The review→refix gate catches a meaningful share of the subtly-broken-but-compiling diffs that ad-hoc workflows merge, fixes them, and routes the rest to a human instead of auto-shipping.

Speed is the floor. Memory and governance are the moat — and they're the parts the underlying model vendors have the least incentive to build.

Limitations

A benchmark that can't show its own losses isn't evidence. These are the constraints that keep this honest.

  • Single-operator pilot, small N (3–38 per track). Read these as directional point estimates, not measured rates with confidence intervals.
  • Only the speed and memory tracks are recorded in the committed, version-stamped scorecard. Governance and coding are run by hand and are not yet auto-recorded per release; the governance catch-rate here comes from reconstructed diffs — a bounded proxy.
  • No external or competitor baselines for speed — architecturally incomparable. Only an internal release-over-release delta. A SWE-bench run is still pending.
  • LLM-judged quality on a single judge family across memory and coding. A second-judge cross-check is pending.
  • Accuracy is the memory win; on raw hallucination count the Brain still trails strong-grep in the recall-heavy categories.

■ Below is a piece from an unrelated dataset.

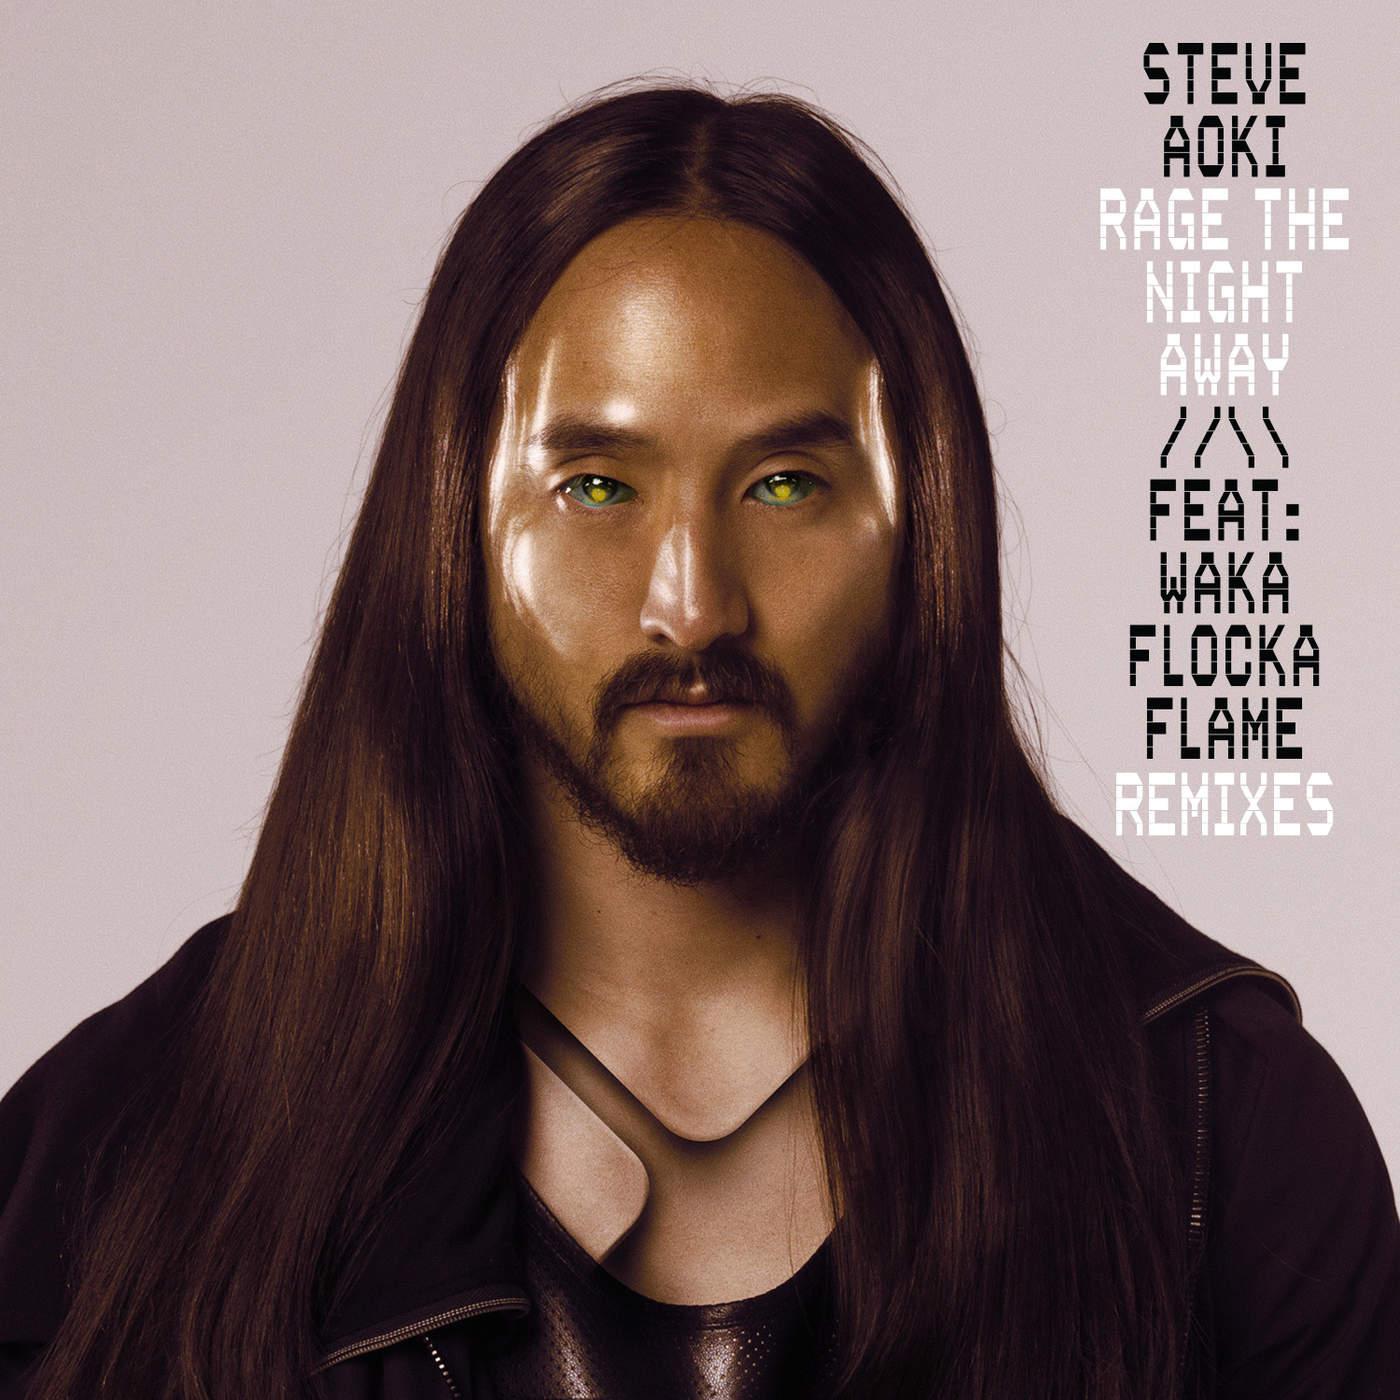 Steve Aoki - Rage the Night Away (feat. Waka Flocka Flame) [Remixes] - EP Cover

It buys relevance, not abstention.
  • Governance bugs were curated to pass tsc and lint — the regime most favorable to review.
  • The governance result measures the AI review tier, not the human approval backstop that sits above it in production.

A full study would scale each track — N≥30 coding tasks, multi-judge, multi-operator, external where possible — and exercise the human-approval layer. Until then this is an honest pilot.